Trocknen Sie die Proben etwa 15 bis 20 Minuten bei Raumtemperatur. Nehmen Sie anschließend die Röhrchen aus dem Magnetgestell. Eluieren Sie jedes Pellet in 45 Mikrolitern Elutionspuffer, gemischt durch vorsichtiges Pipettieren, und inkubieren Sie es fünf Minuten lang.
Pelletieren Sie die Kügelchen auf dem Magnetgestell und geben Sie 45 Mikroliter jeder DNA-Probe in ein neues Röhrchen. Zu jeweils 45 Mikrolitern isolierter oder gereinigter DNA werden fünf Mikroliter dreimolares Kaliumhydroxid oder fünf Mikroliter dreimolares Kaliumchlorid hinzugefügt, wodurch ein Gesamtvolumen von 50 Mikrolitern entsteht. Die acht Reaktionen sind in dieser Tabelle zusammengefasst.
Inkubieren Sie zwei Stunden lang in einem Hybridisierungsofen bei 55 Grad Celsius und inkubieren Sie die Proben dann fünf Minuten lang auf Eis. Fältitieren Sie die DNA, indem Sie 10 Mikroliter drei molare Natriumacetate bei einem pH-Wert von 5,2 und 125 Mikroliter kaltes, 100%iges Ethanol hinzufügen und fünf Minuten lang auf Eis inkubieren. Pelletieren Sie die DNA, indem Sie sie fünf Minuten lang bei 21.000 G bei vier Grad Celsius zentrifugieren.

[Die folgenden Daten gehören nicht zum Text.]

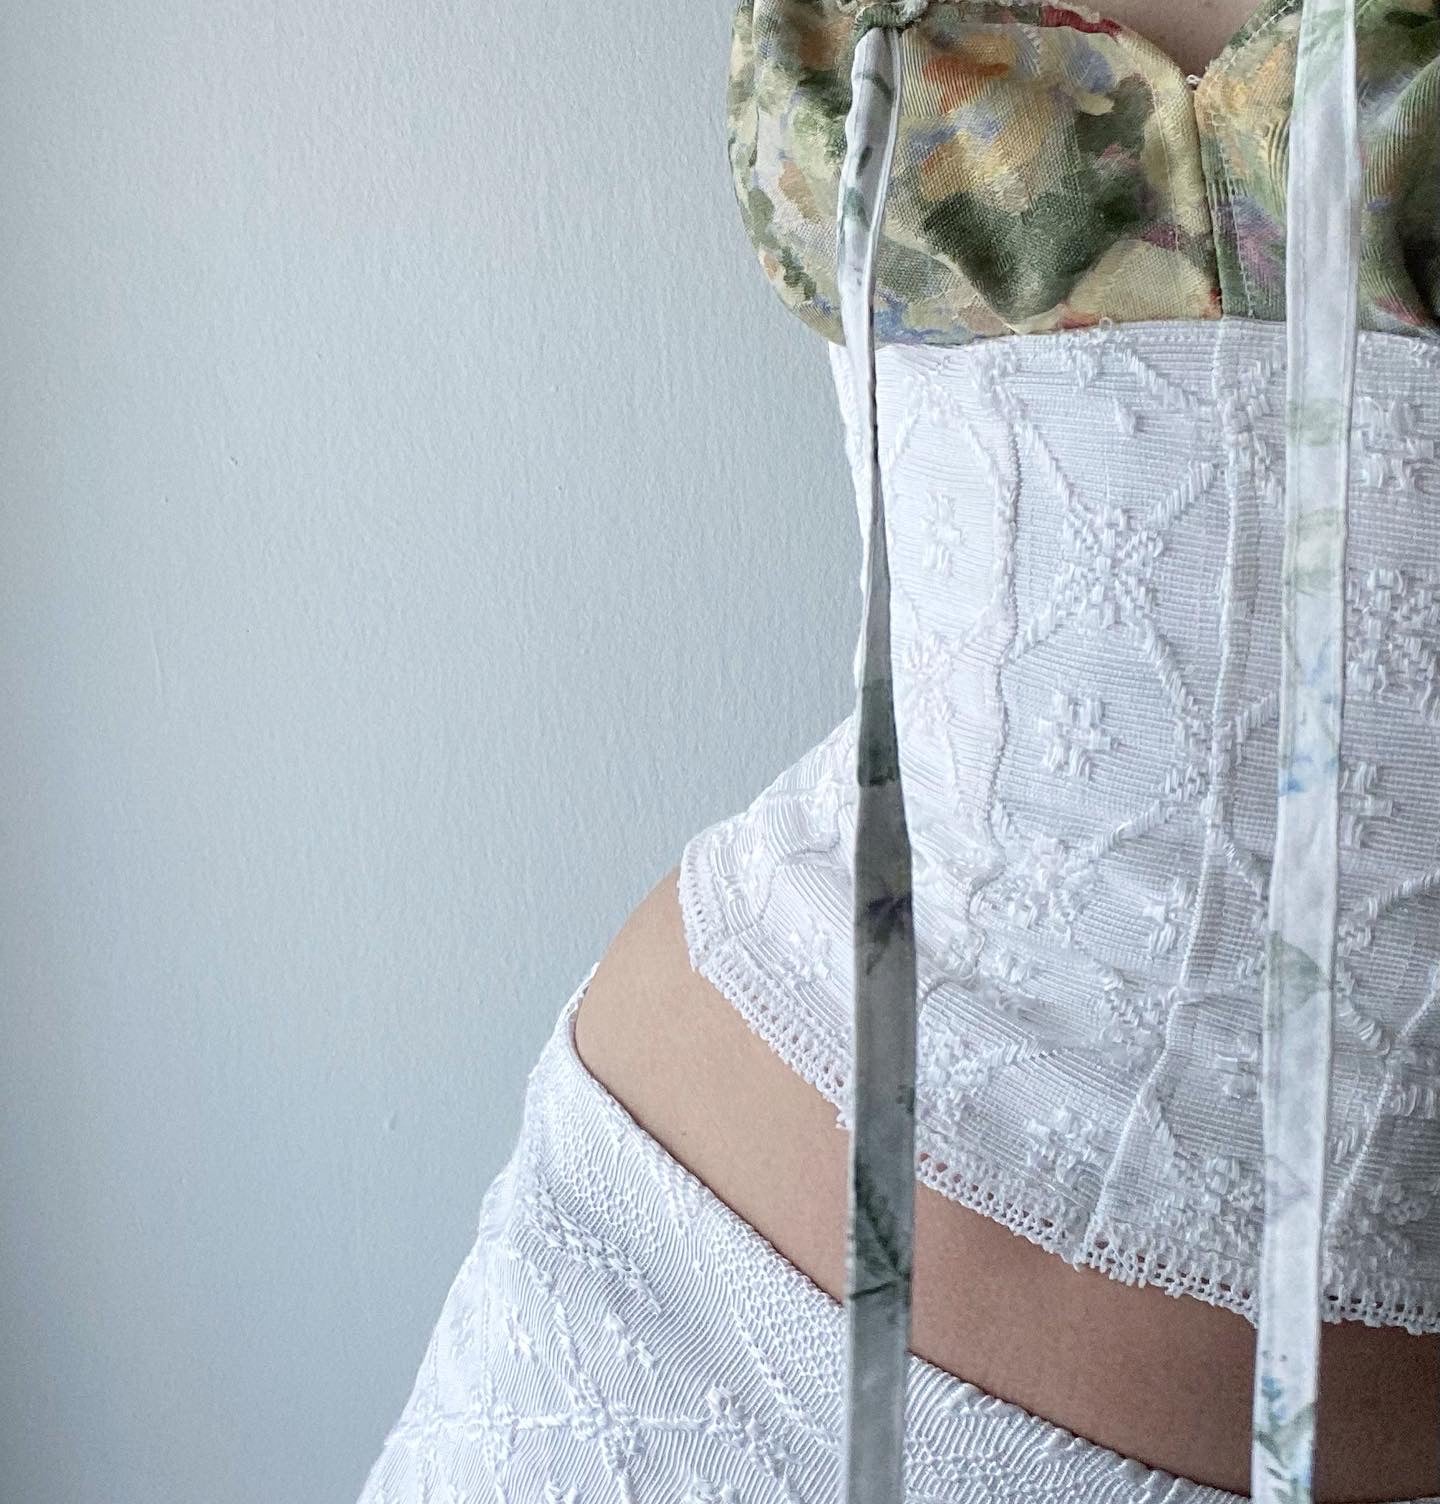 The Tapestry Corset 2.0

Entsorgen Sie den Überstand und waschen Sie jedes DNA-Kügelchen mit 250 Mikrolitern kaltem Ethanol, 70 % Ethanol, zentrifugieren Sie erneut und entsorgen Sie den Überstand. Lassen Sie das Pellet etwa fünf bis 10 Minuten in der offenen Tube trocknen, bis die sichtbare Flüssigkeit verdunstet ist. Zum Schluss fügst Du 20 Mikroliter Elutionspuffer hinzu und lässt das DNA-Pellet 30 Minuten lang bei Raumtemperatur auflösen.

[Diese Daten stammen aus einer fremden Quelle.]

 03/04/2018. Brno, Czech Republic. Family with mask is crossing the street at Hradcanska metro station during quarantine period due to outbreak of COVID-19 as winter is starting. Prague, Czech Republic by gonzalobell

Beginnen Sie diesen Vorgang, indem Sie das Reaktionsgemisch für jede Probe als Mastermix vorbereiten. Fügen Sie für jede Probe 2,5 Mikroliter 10x T4-Polynukleotidkinase-Reaktionspuffer, 2,5 Mikroliter ATP und einen Mikroliter drei Prime-Phosphatase-Minus-T4-Polynukleotidkinase hinzu. Übertragen Sie 19 Mikroliter jeder DNA-Probe in ein neues 200-Mikroliter-Röhrchen und denaturieren Sie sie drei Minuten lang bei 85 Grad Celsius in einem Thermocycler.
Kühlen Sie dann die DNA-Proben auf Eis ab und geben Sie sechs Mikroliter des vorbereiteten Reaktionsgemisches zu jeder Probe. Inkubieren Sie die Reaktionsmischungen 30 Minuten lang bei 37 Grad Celsius, gefolgt von 65 Grad Celsius für 20 Minuten, um die Reaktion zu stoppen. Reinigen Sie die DNA mit paramagnetischen Kügelchen, wie zuvor gezeigt, aber eluieren Sie mit 14 Mikrolitern Elutionspuffer.
Bereiten Sie das Reaktionsgemisch im Voraus als Mastermix vor, der für jede Probe folgende Angaben enthält. Fünf Mikroliter 10x T4-RNA-Ligase-Reaktionspuffer, fünf Mikroliter Hexammincobalt(III)chlorid, 0,5 Mikroliter ARC140-Oligonukleotid, 0,5 Mikroliter ATP und 25 Mikroliter 50%PEG 8000. Durch Pipettieren gut mischen.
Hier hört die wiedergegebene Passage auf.